- _How to complete this task_:
Set the listing down unchanged, minus every embedded image.

** Opening Dataset content block **

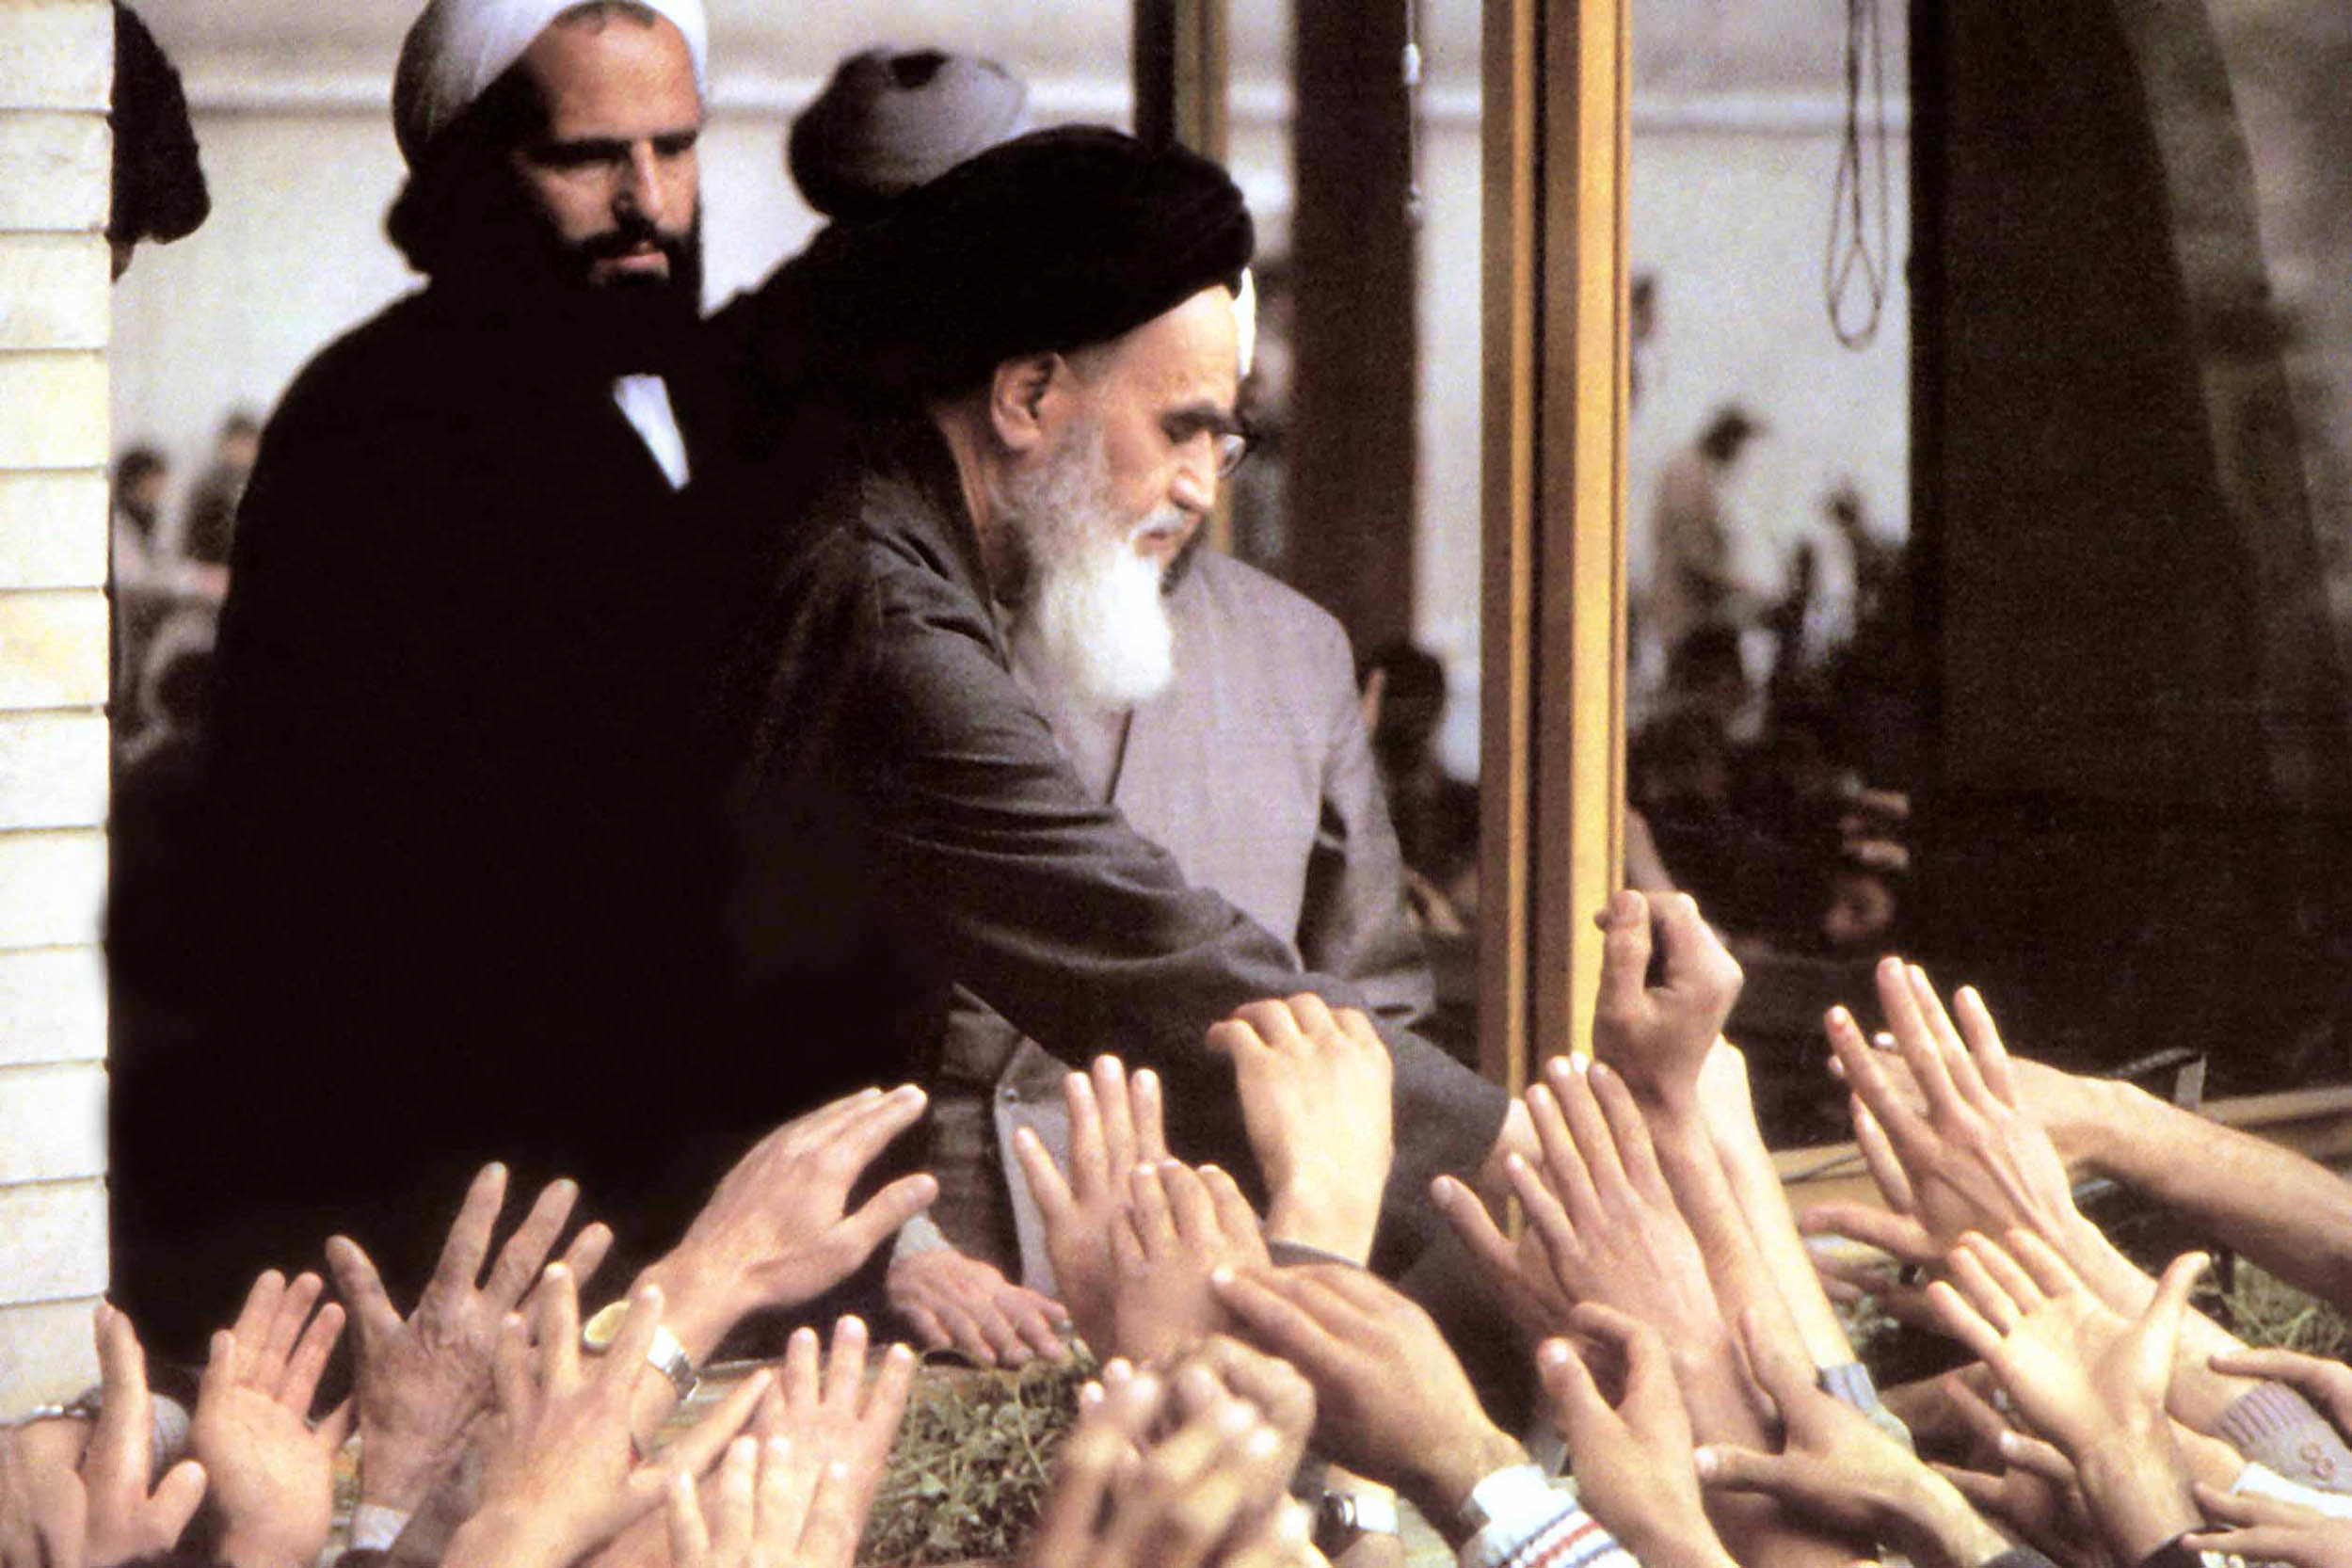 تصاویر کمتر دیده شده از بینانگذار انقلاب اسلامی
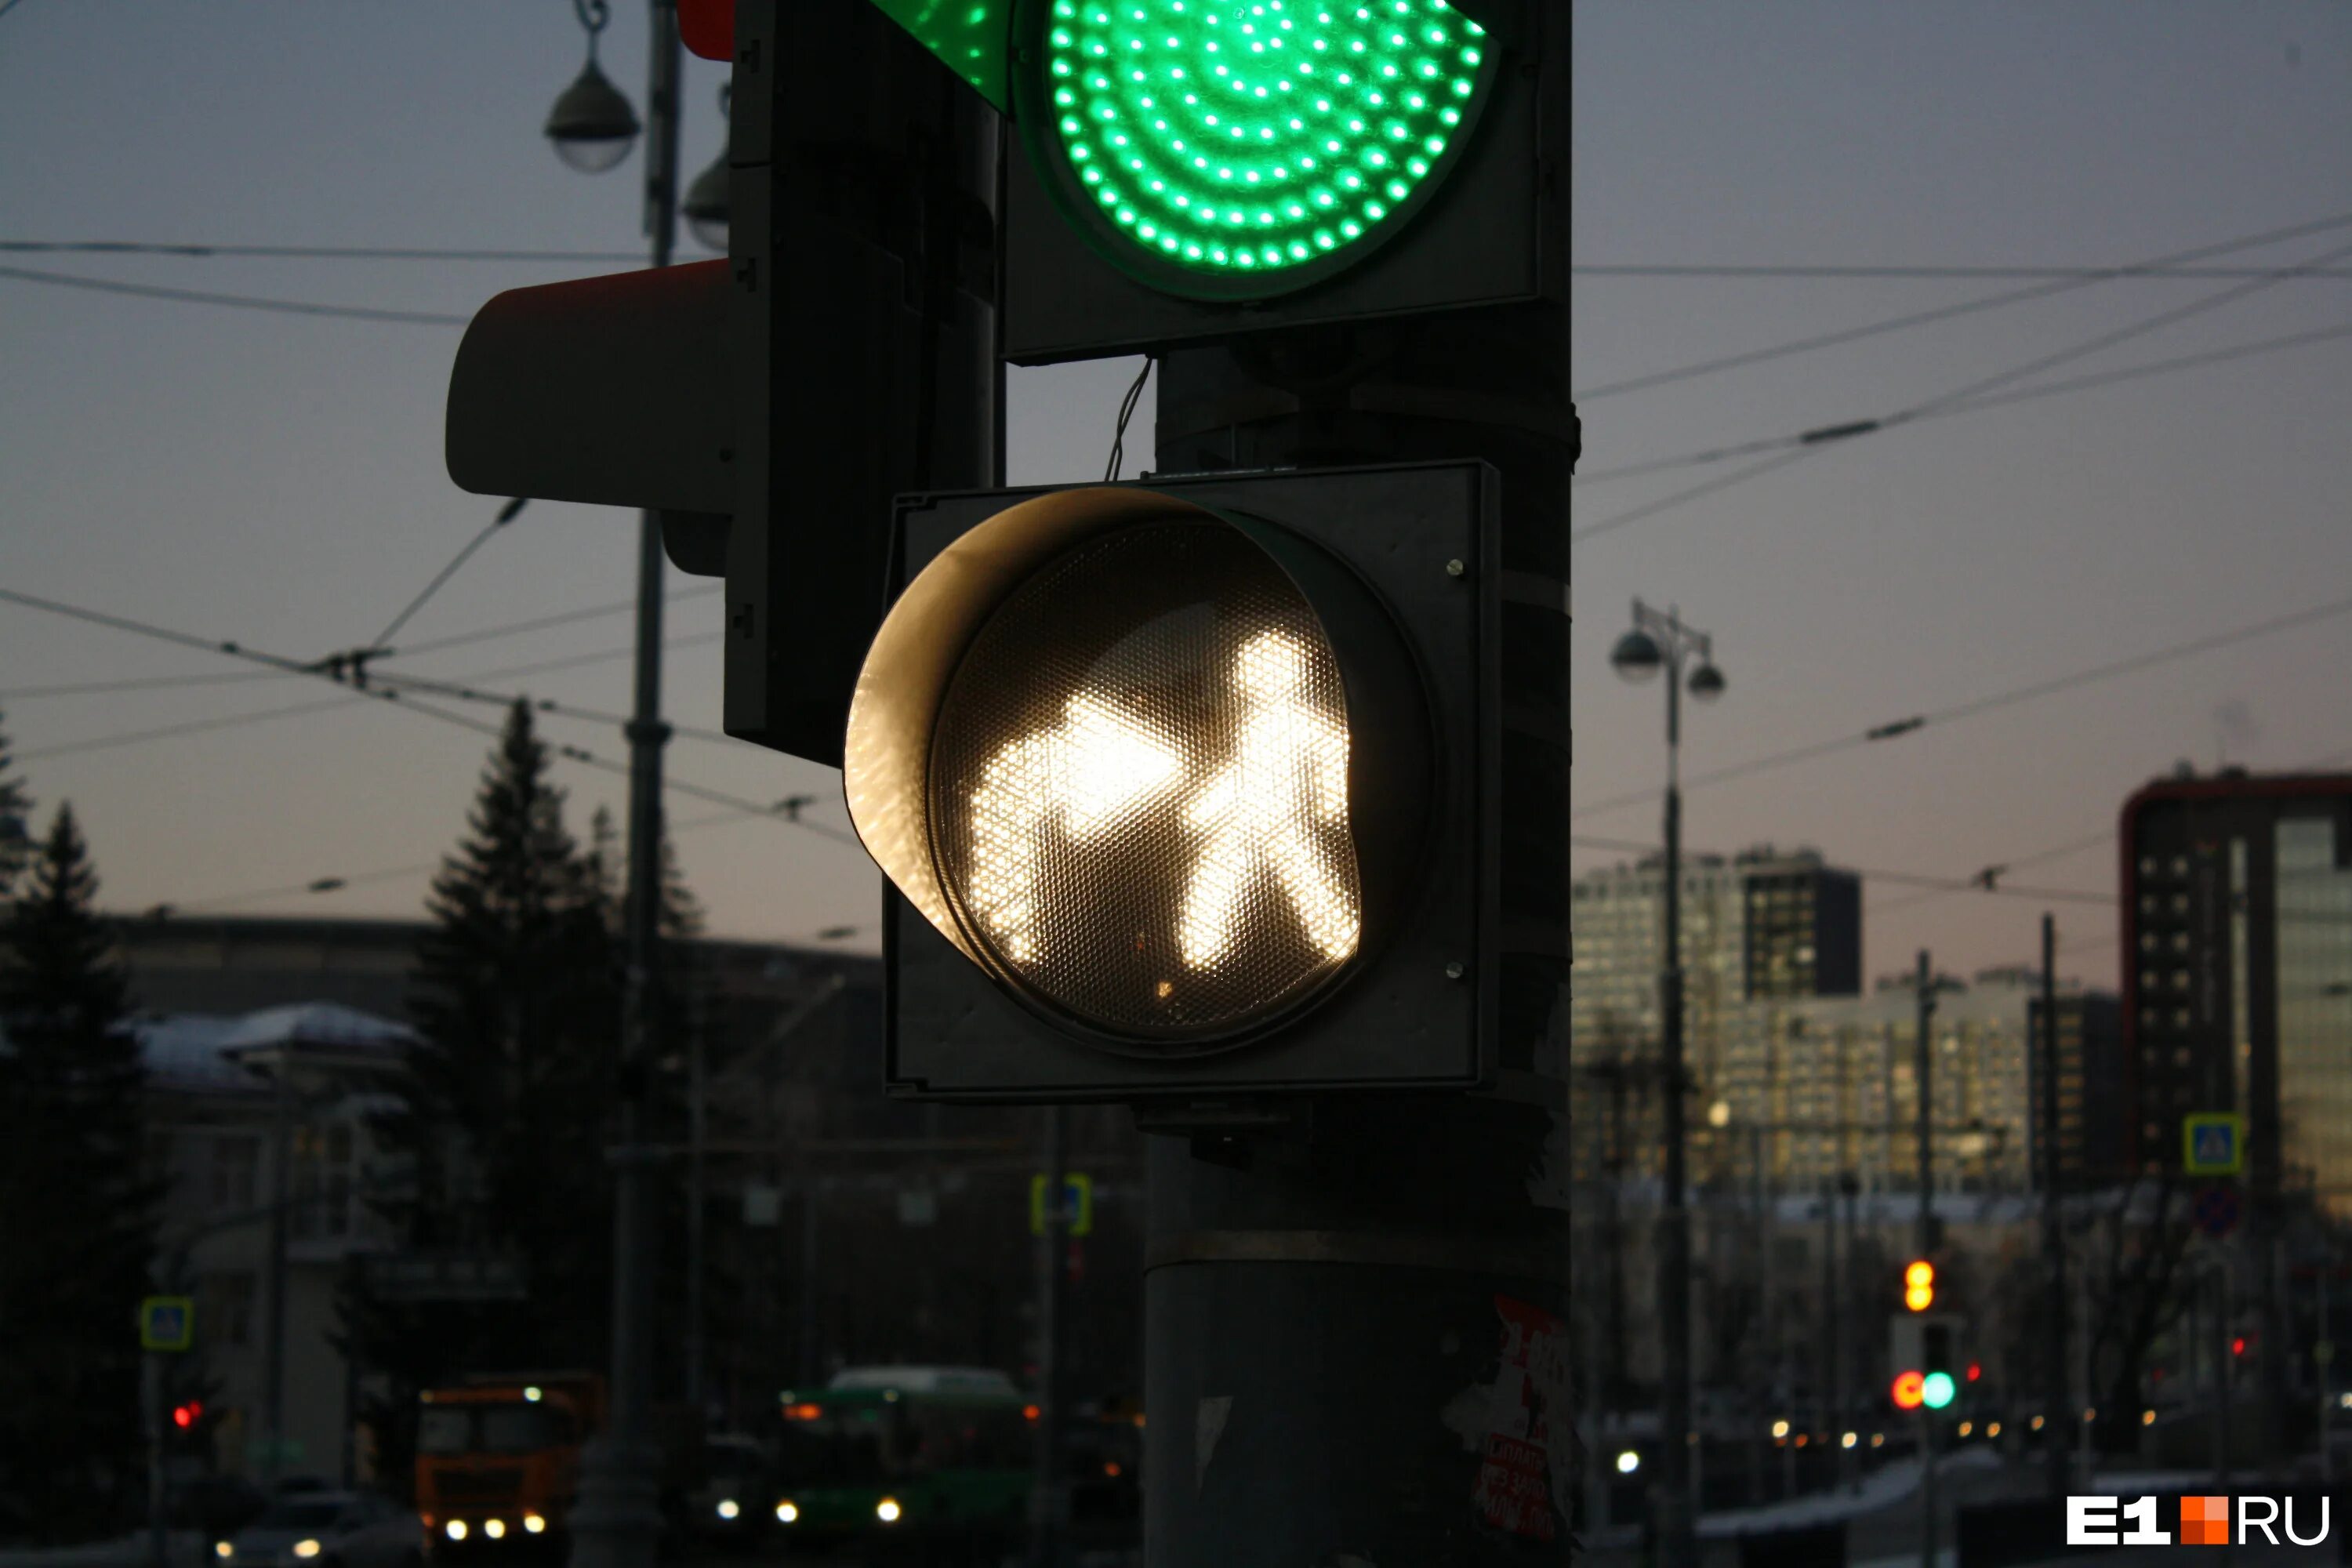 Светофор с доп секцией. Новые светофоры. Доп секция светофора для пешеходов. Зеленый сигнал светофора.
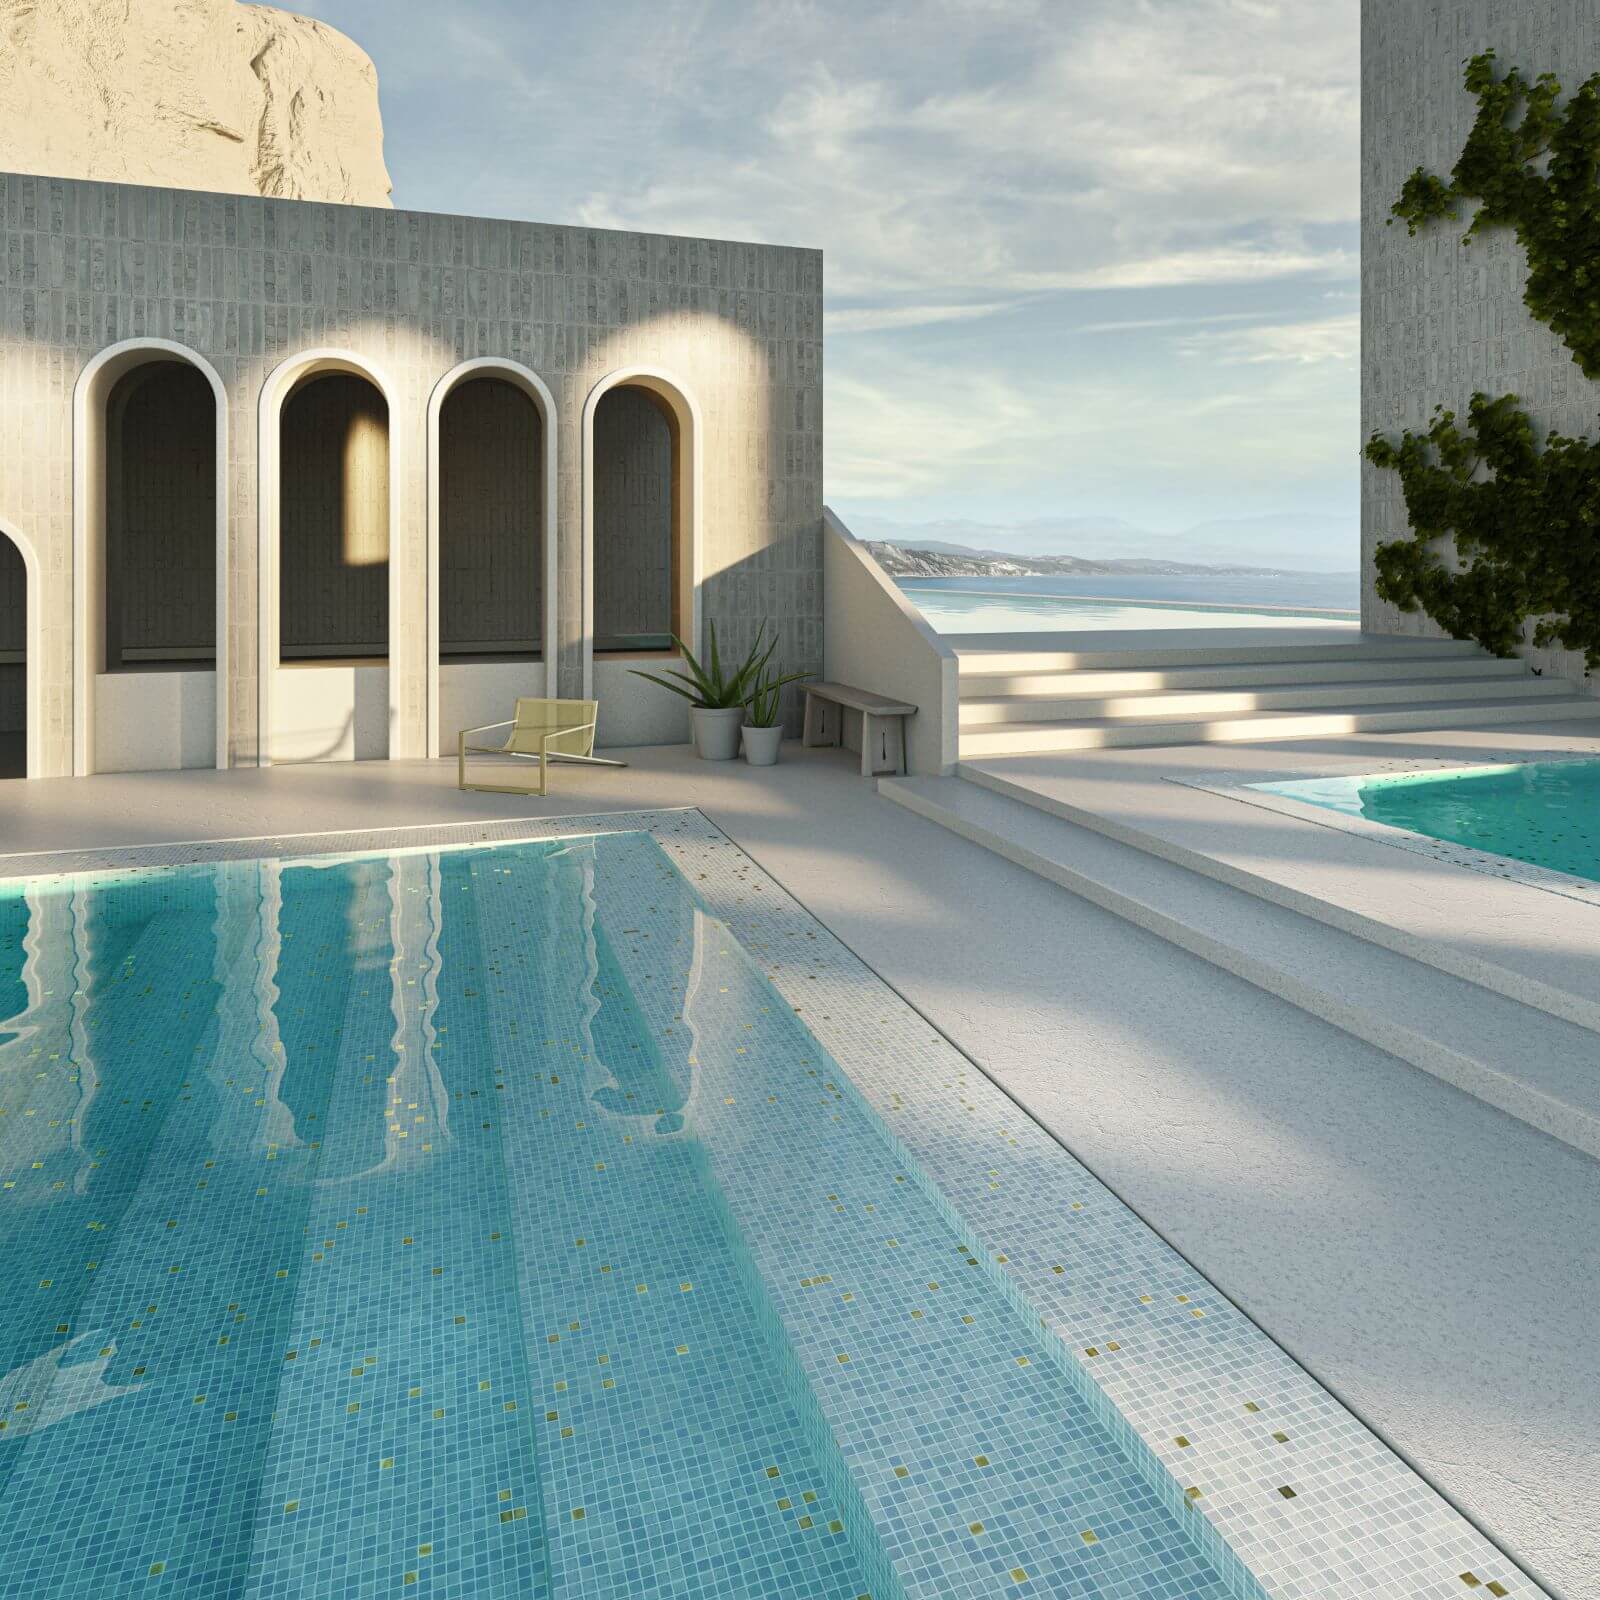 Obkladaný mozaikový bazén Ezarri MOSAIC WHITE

** Closing Dataset content block **

- _Solution for this problem_:
 تصاویر کمتر دیده شده از بینانگذار انقلاب اسلامی
 Светофор с доп секцией. Новые светофоры. Доп секция светофора для пешеходов. Зеленый сигнал светофора.
 Obkladaný mozaikový bazén Ezarri MOSAIC WHITE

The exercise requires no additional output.